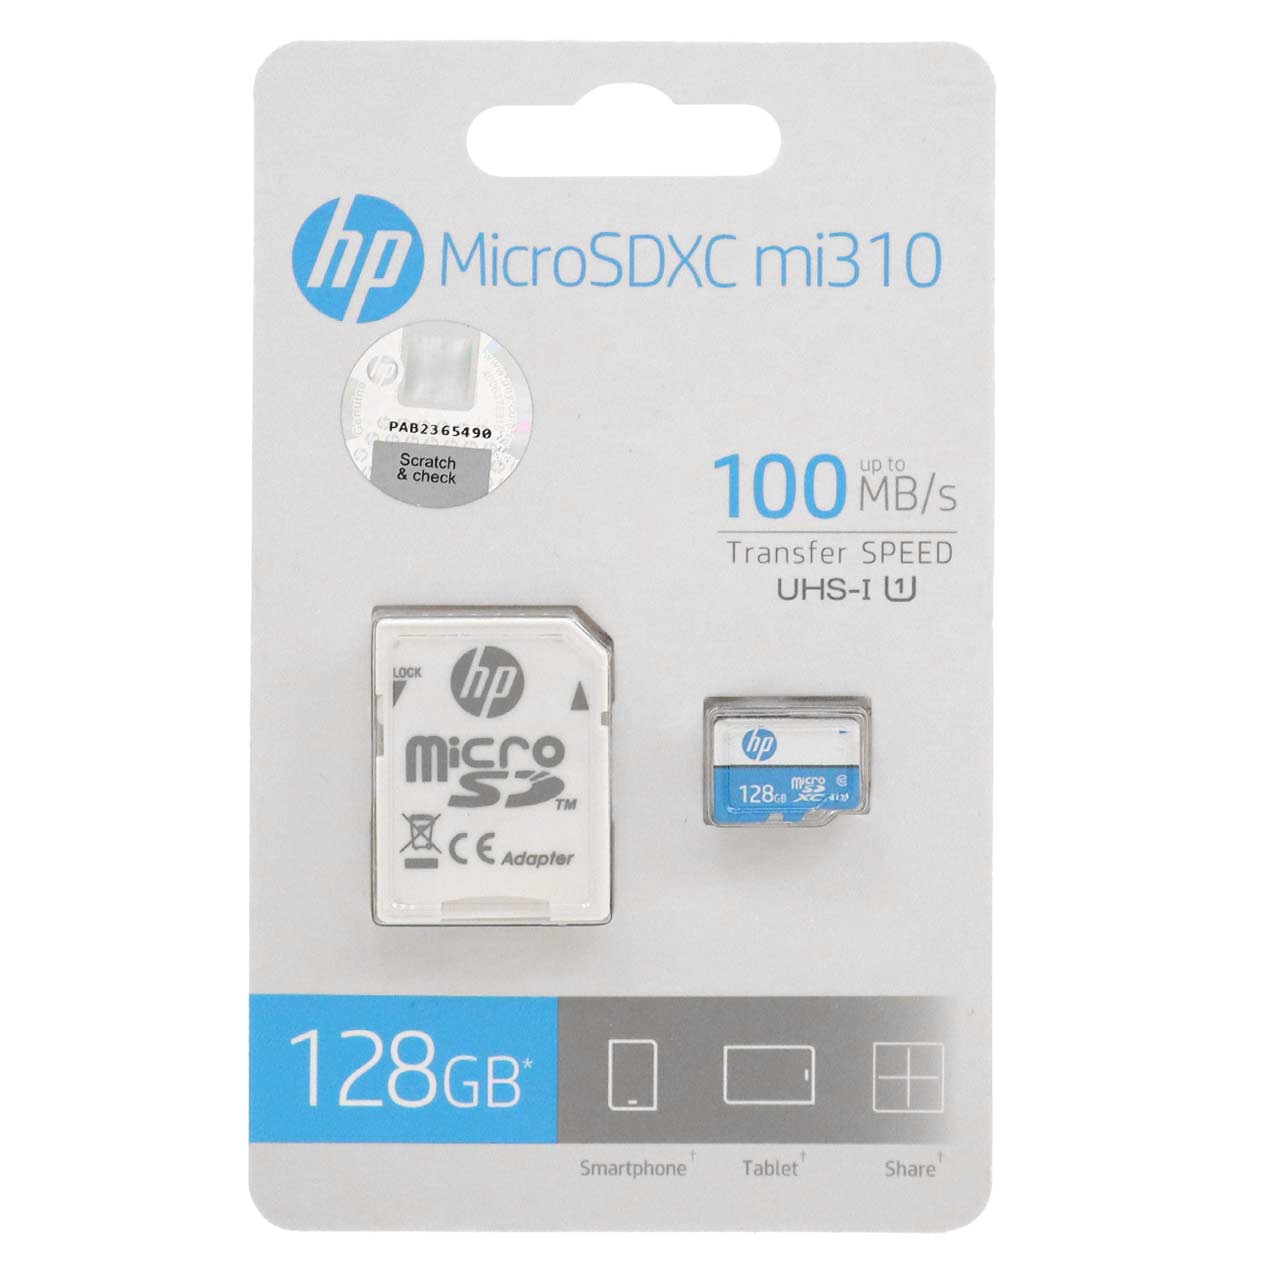 HP mi310 U1 microSDXC & adapter Class 10 A1-100MB/s - 128GB (گارانتی سورین)
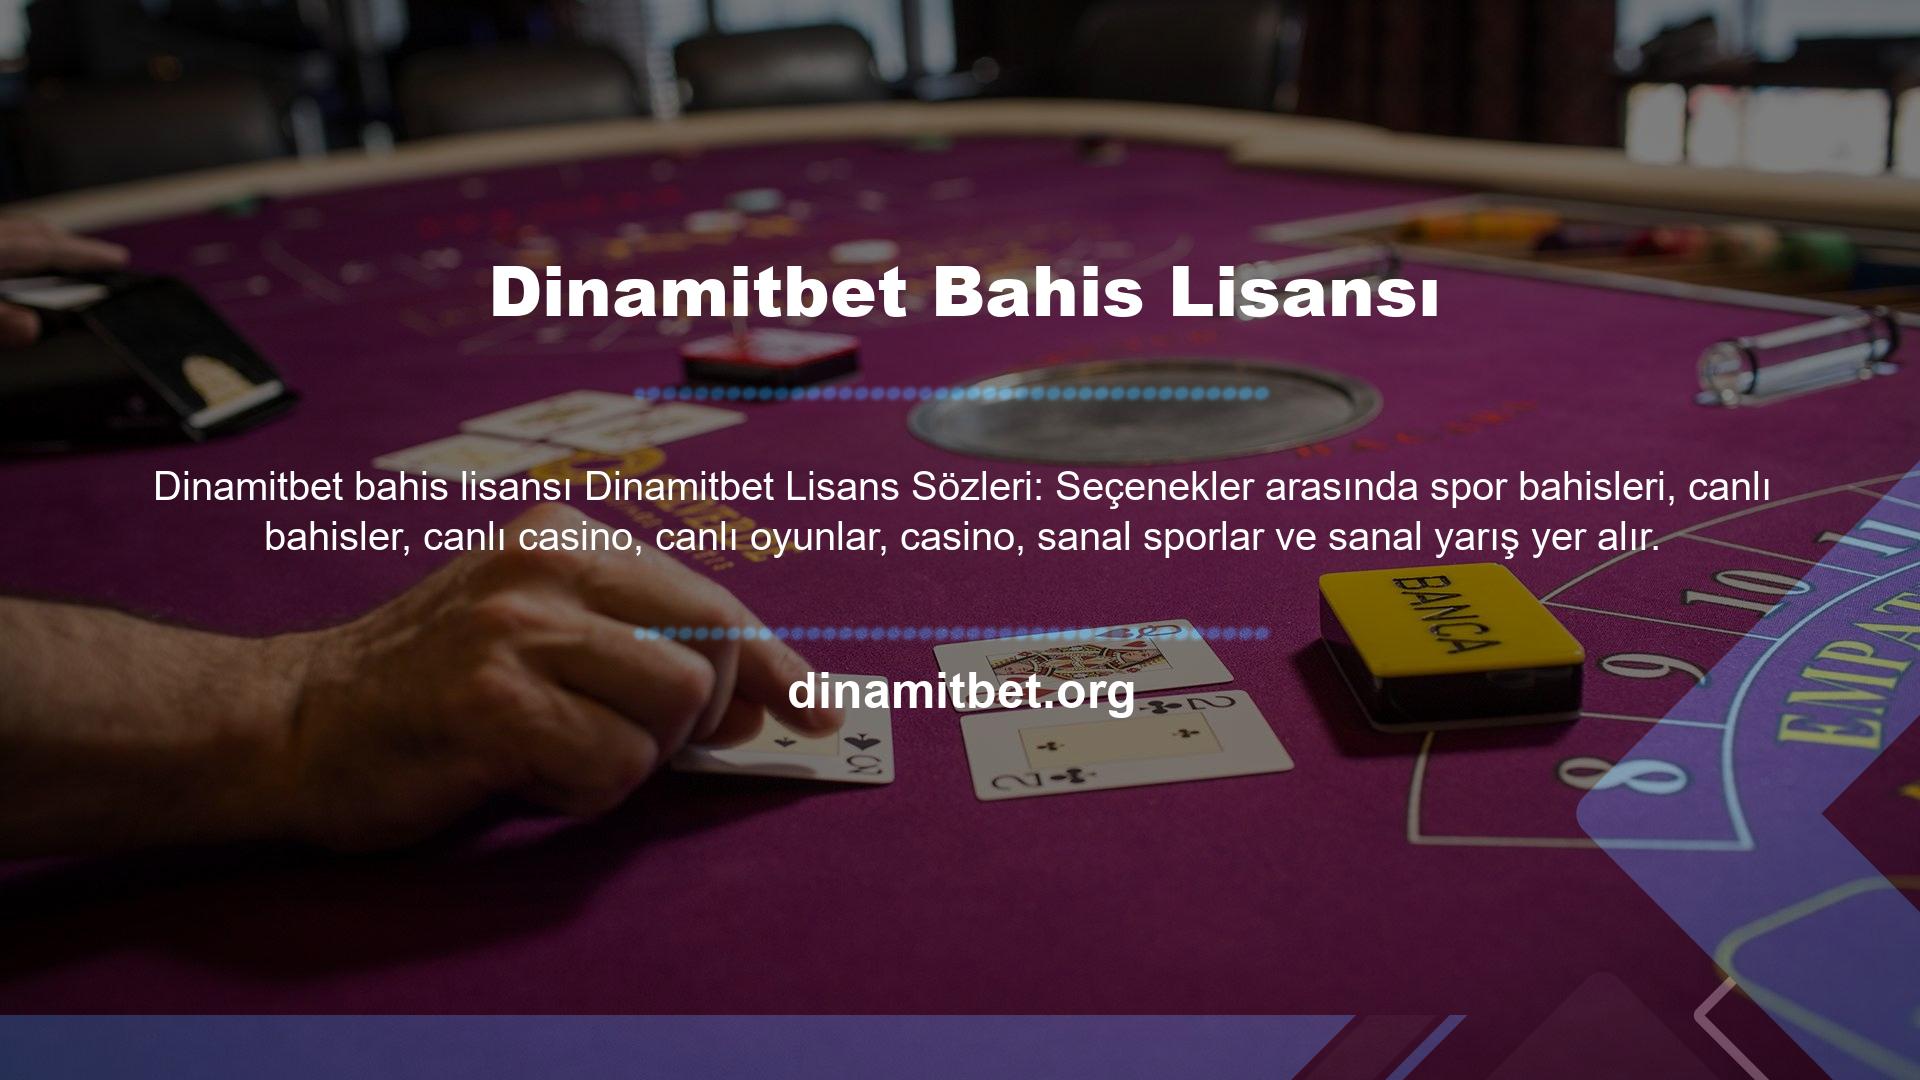 Dinamitbet Oyun Sitesi, üyelerine mevcut tüm oyun seçeneklerini lisanslı olarak sunmaktadır
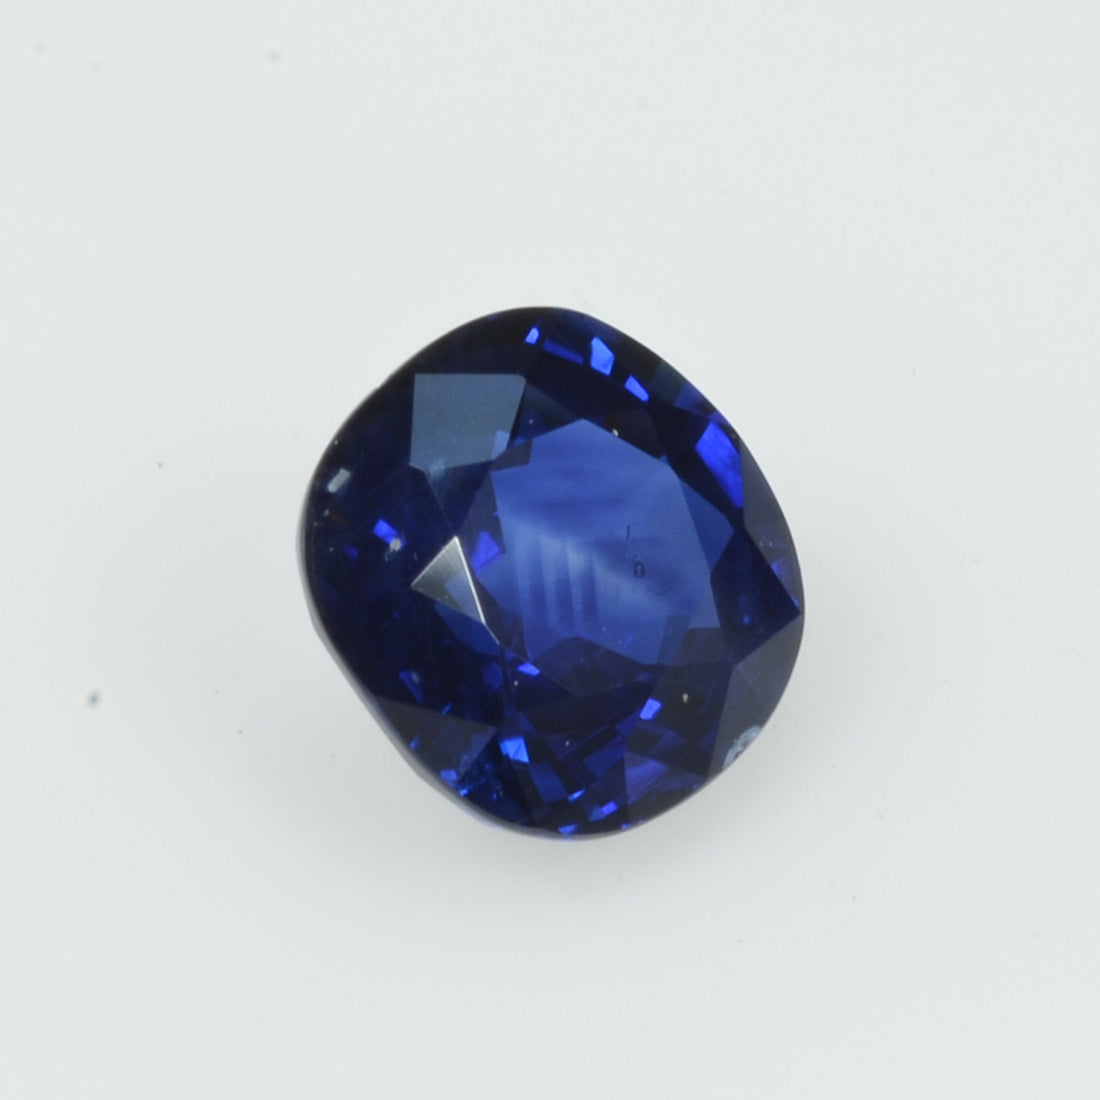 1.08 cts Natural Blue Sapphire Loose Gemstone Cushion Cut - Thai Gems Export Ltd.

◇ ◇ ◇

▸ **Aim of the exercise**: Word for word, retype all of the data above, but include no pictures.

▸ **Solution below**:
 HP mi310 U1 microSDXC & adapter Class 10 A1-100MB/s - 128GB (گارانتی سورین)
 Dinamitbet Oyun Sitesi, üyelerine mevcut tüm oyun seçeneklerini lisanslı olarak sunmaktadır
 1.08 cts Natural Blue Sapphire Loose Gemstone Cushion Cut - Thai Gems Export Ltd.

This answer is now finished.